Distance from Point to Line (Summary)
Formula:
The perpendicular distance $d$ from a point $(x_1, y_1)$ to the line $Ax + By + C = 0$ is:
$\mathbf{d = \frac{|Ax_1 + By_1 + C|}{\sqrt{A^2 + B^2}}}$
Key Points:
- The line must be in the general form $Ax + By + C = 0$.
- The numerator is the absolute value of the line's expression evaluated at the point's coordinates.
- The denominator is the magnitude of the normal vector $(A, B)$.
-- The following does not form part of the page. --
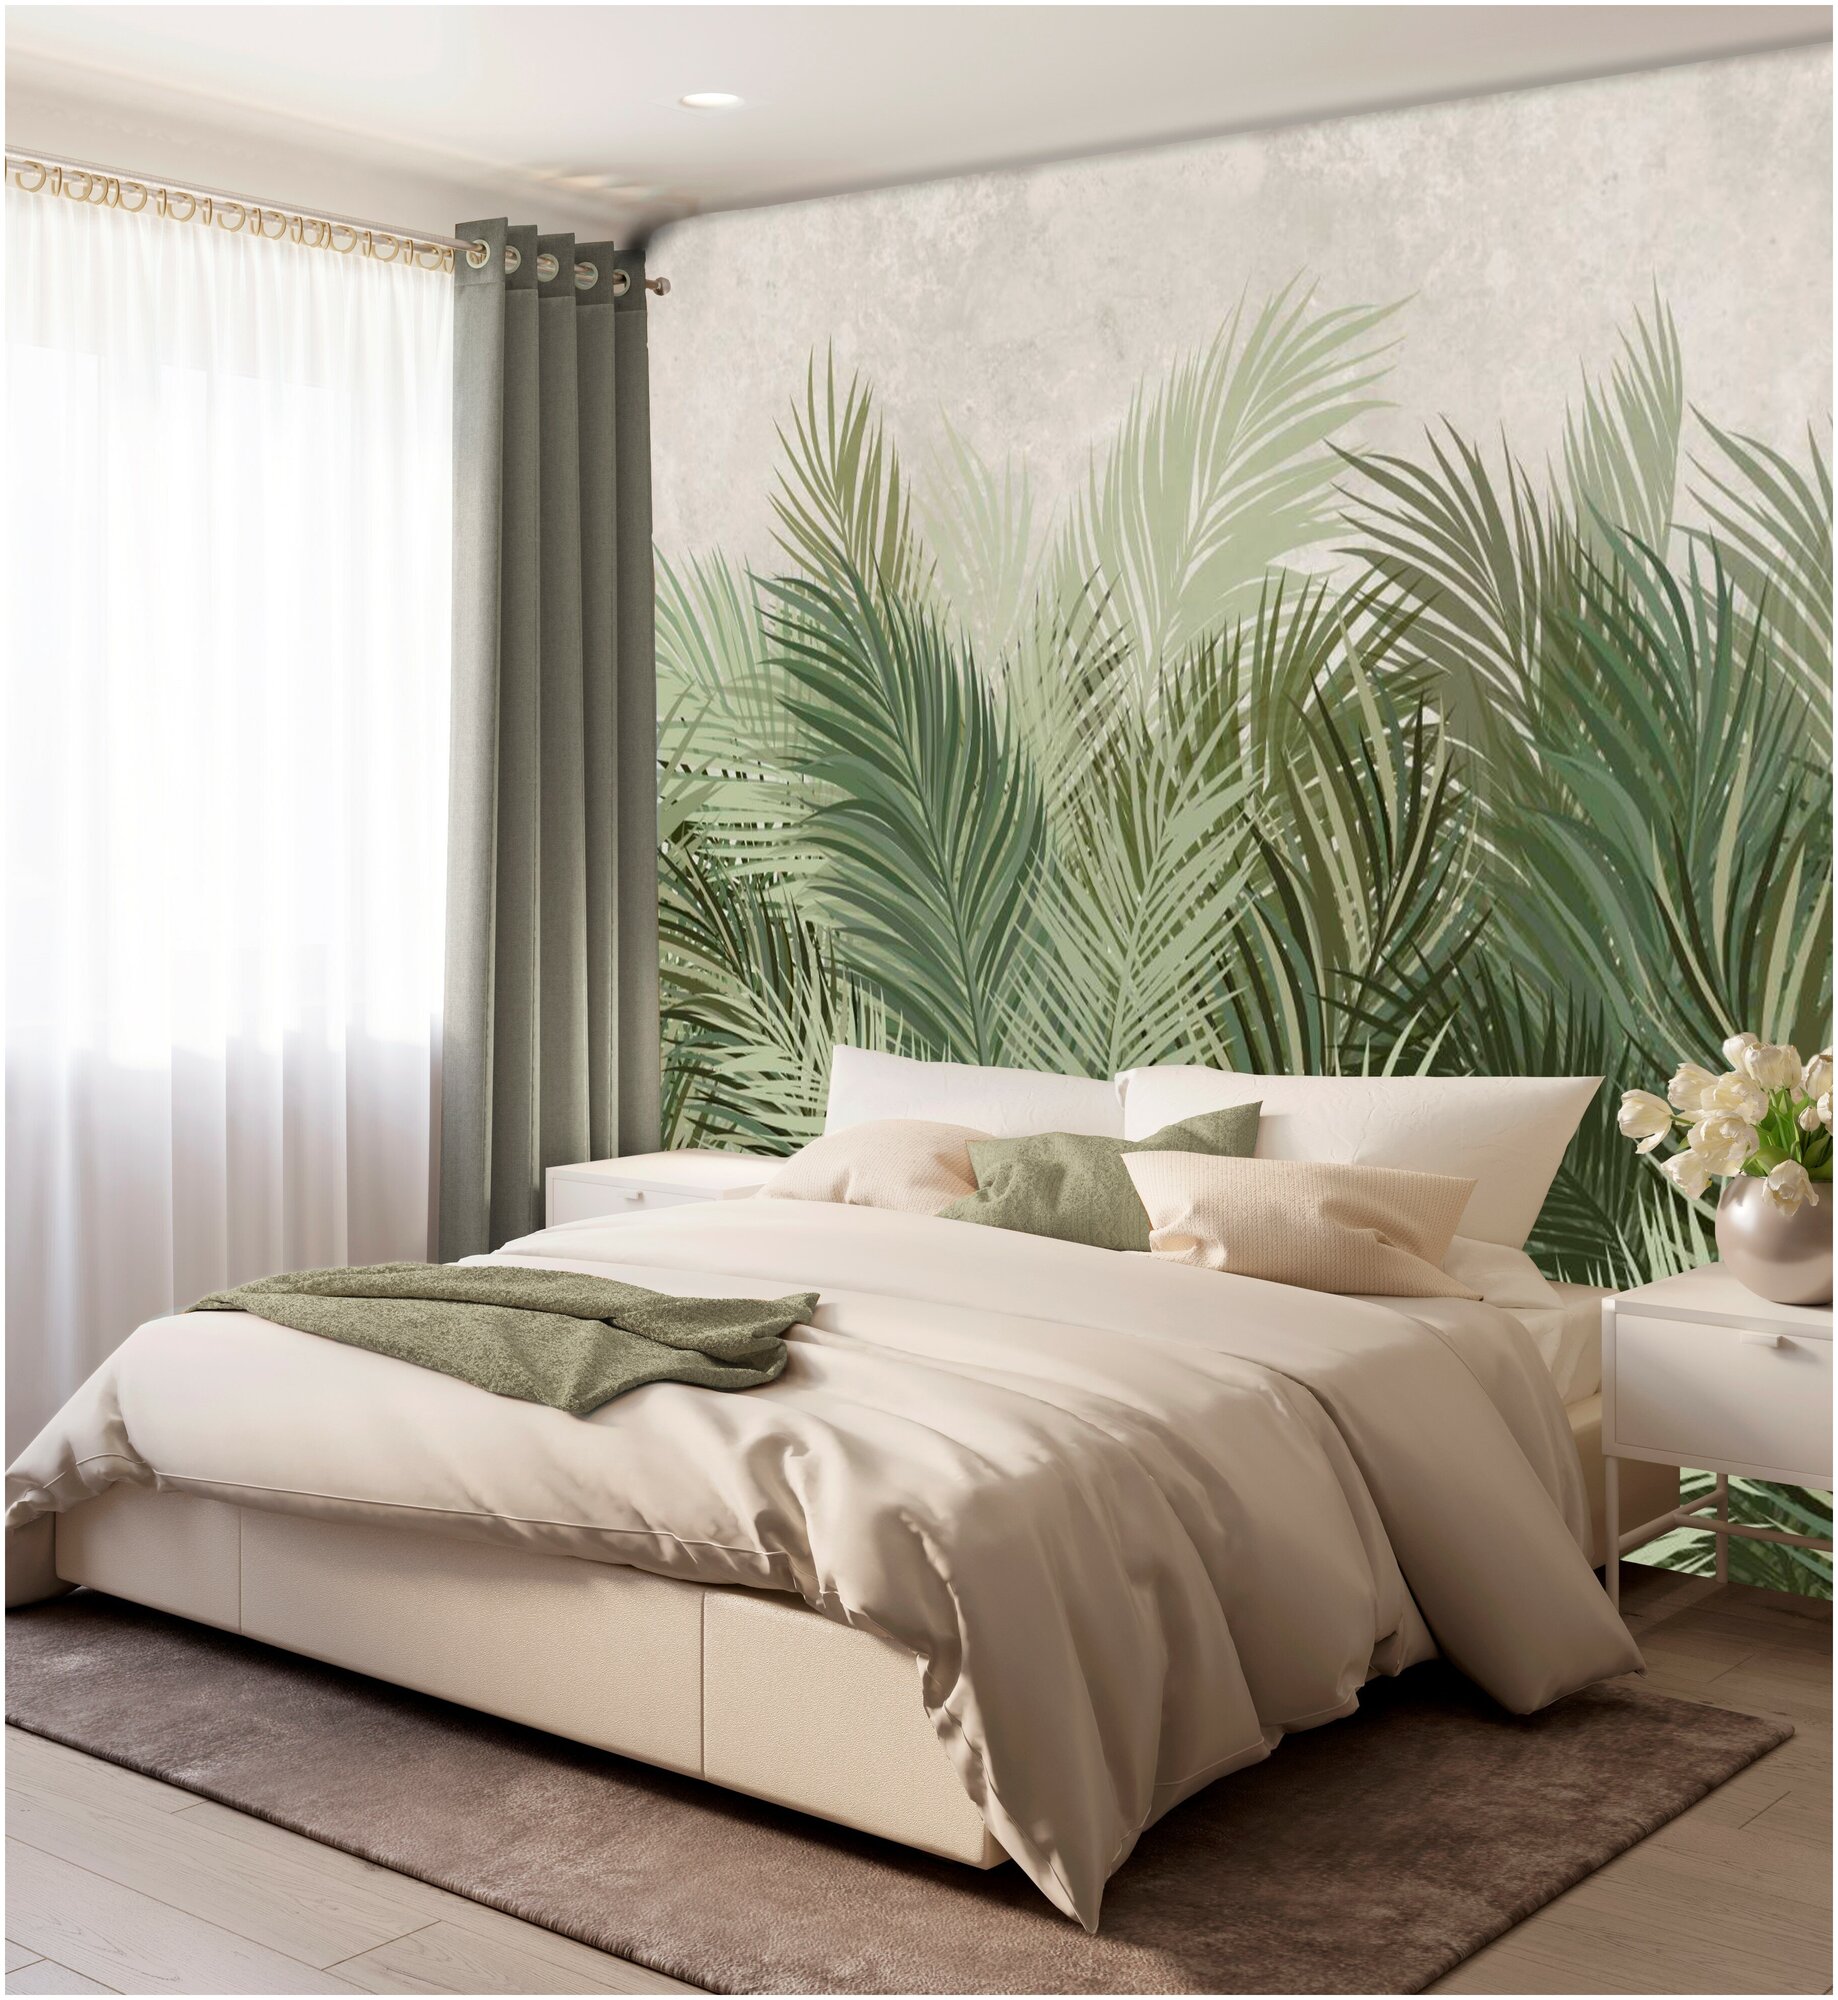 Фотообои флизелиновые с виниловым покрытием VEROL "Перья зелено-серые", 300х283 см, моющиеся обои на стену, декор для дома
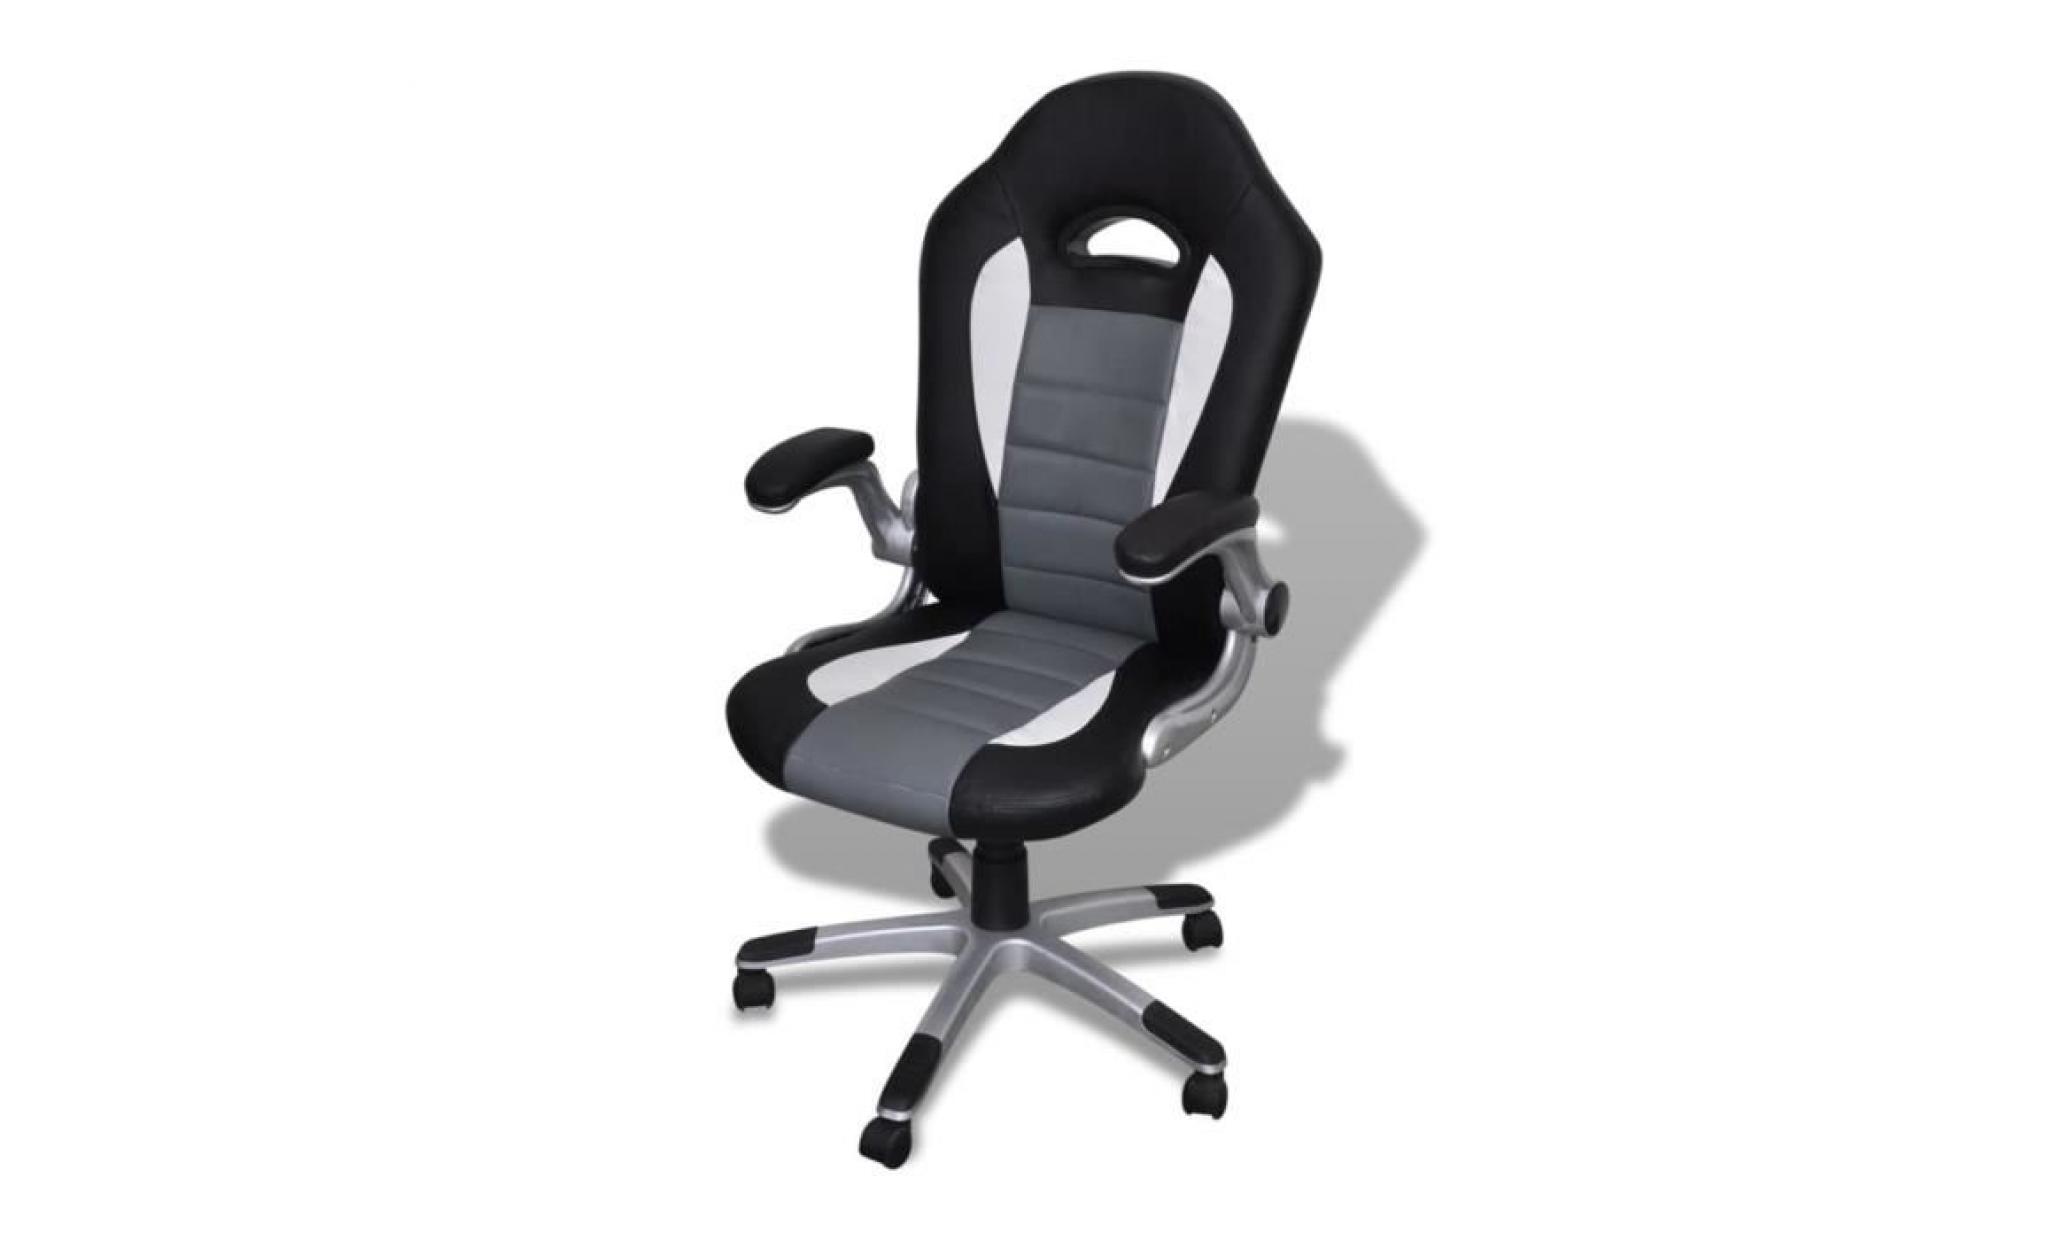 fauteuil de bureau sièges 63 x 70 x 114  124 cm chaise de bureau scandinave contemporainengris design moderne

- The formula works for all types of lines (horizontal, vertical, slanted) as long as $A^2 + B^2 \neq 0$.
Distance from Origin:
A special case is the distance from the origin $(0, 0)$ to the line $Ax + By + C = 0$. Substituting $(x_1, y_1) = (0, 0)$ gives:
$d = \frac{|A(0) + B(0) + C|}{\sqrt{A^2 + B^2}} = \frac{|C|}{\sqrt{A^2 + B^2}}$
This matches the parameter $p$ in the Normal Form of the line.
Distance Between Two Parallel Lines
Two distinct straight lines in a plane are parallel if they have the same slope and do not coincide. When two lines are parallel, the perpendicular distance between them is constant throughout their length. We can derive a formula to calculate this distance if the equations of the two parallel lines are known.
Consider two parallel lines $L_1$ and $L_2$. Their general equations can be written such that the coefficients of $x$ and $y$ are identical (or proportional). If they are proportional, we can divide one equation by a constant factor to make the $A$ and $B$ coefficients match. So, let the equations of the two parallel lines be:
Line $L_1$: $Ax + By + C_1 = 0$
... (1)
Line $L_2$: $Ax + By + C_2 = 0$
... (2)
where $A, B$ are not both zero ($A^2 + B^2 \neq 0$), and $C_1 \neq C_2$ (if $C_1 = C_2$, the lines would be coincident).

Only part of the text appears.